Shurcliff goes on to describe the performance of such houses in winter:

“1. The typical annual heat requirement on the auxiliary heating system is so small that the annual cost is almost negligible compared to the main household expenses […] 2. The occupants benefit from the absence of drafts, cold floors, and cold spots near windows. 3. Because the south windows are of modest size, little or no sunny-day overheating occurs. 4. Anxiety as to possible failure of the auxiliary heating system is minimal because the rate of cool-down is so low (a fraction of a degree per hour) that the house can easily ride through a 24-hour period with no auxiliary-heat-input. 5. Thanks to the use of an air-to-air heat exchanger, humidity tends to remain in the desirable 40-60% range and there is a steady inflow of fresh air (at, typically, 50-150 CFM, or about half a house volume of fresh air per hour). 6. Little outdoor noise penetrates the house.”

He also notes that the orientation of the house is not critical to the concept.
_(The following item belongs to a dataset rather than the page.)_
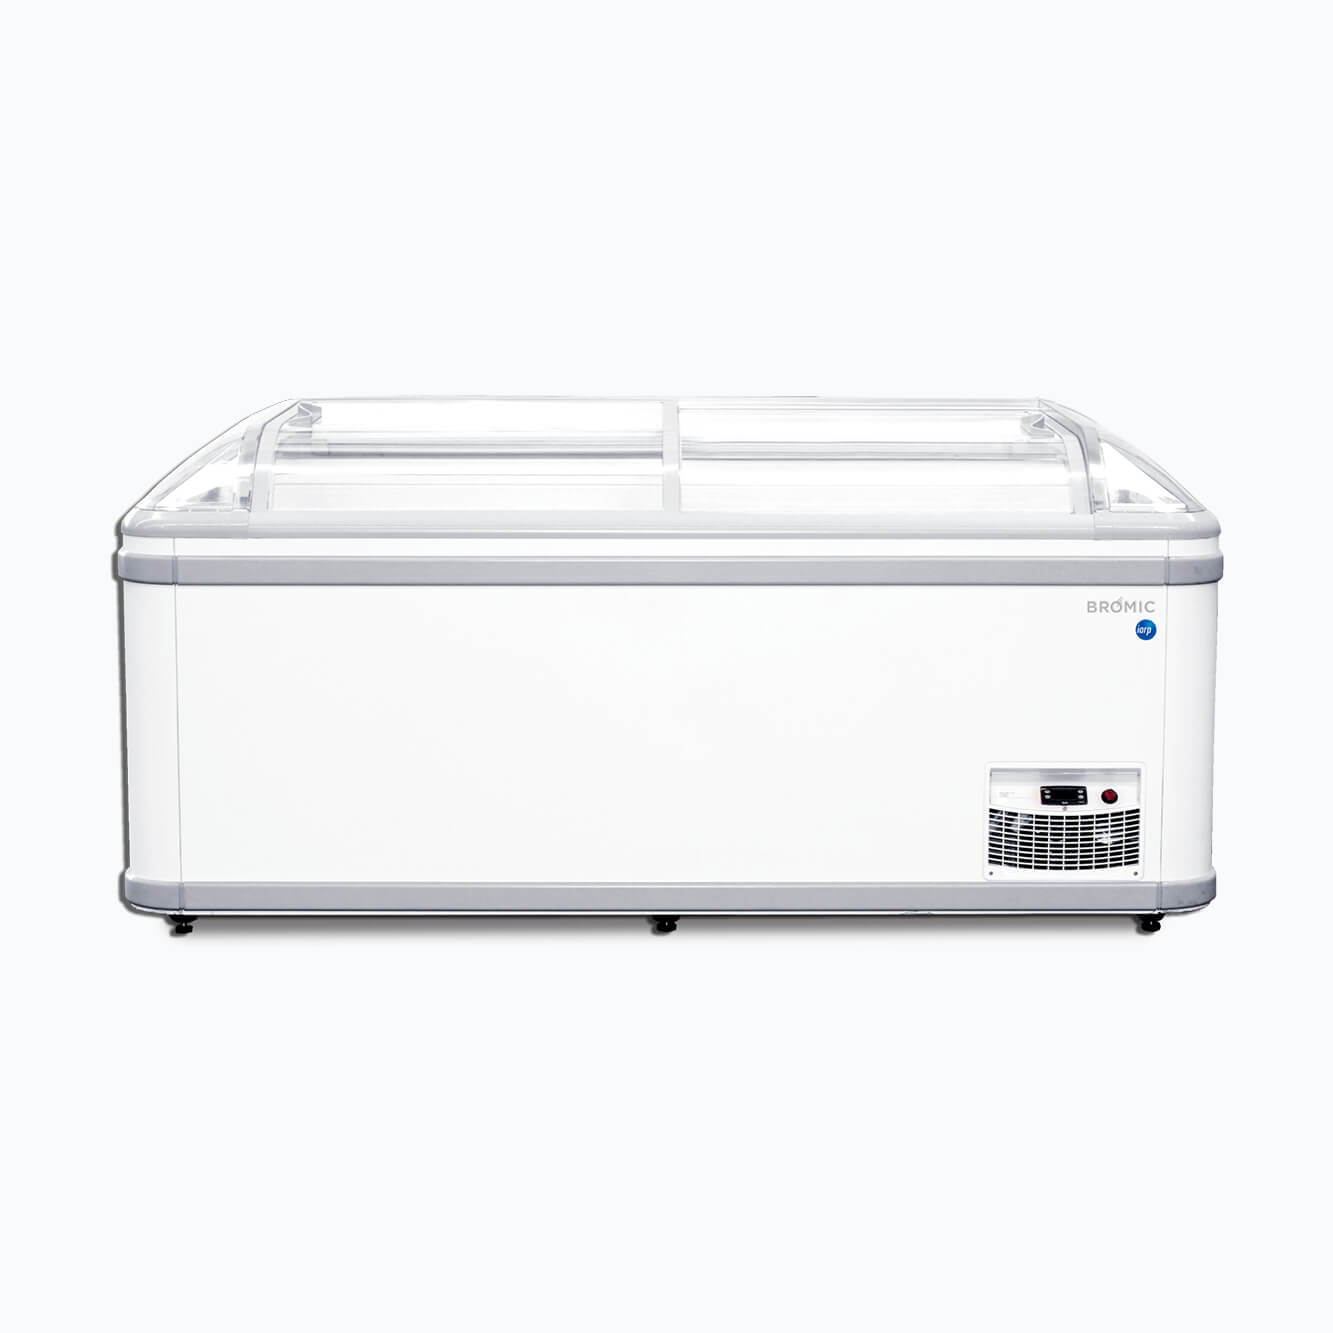 Image of a 1856mm wide white commercial island freezer, front view.

He says that the house can have almost any orientation, unlike only passive solar-heated designs that had to be oriented within 25 degrees of south.


The technology matured and the market began to follow. Energy Design Update published an entire edition in 1987 as a consumer guide devoted solely  to the many air-to–air heat exchangers. The Canadians appear to have taken the technology lead in the 1980s. Shurcliff credits Harold Orr’s construction type from the Division of Building Research of the Canadian National Research Council to be the most widespread type being built in North America.

In 1984 young J.W. Lstiburek and J.K Lischkoff publish a book called “A New Approach to Affordable Low Energy House Construction,” further advancing various aspects of passive housing and related sciences. The “Superinsulated Home Book” by Ned Nissen and Gautum Dutt published in 1985 is the most advanced construction and detailing book in the industry at the time. The book even presented a detailed chapter on the theory of energy balancing and sample calculations for low load homes, explaining how to balance losses and gains to arrive at a design with an extremely low balance point temperature.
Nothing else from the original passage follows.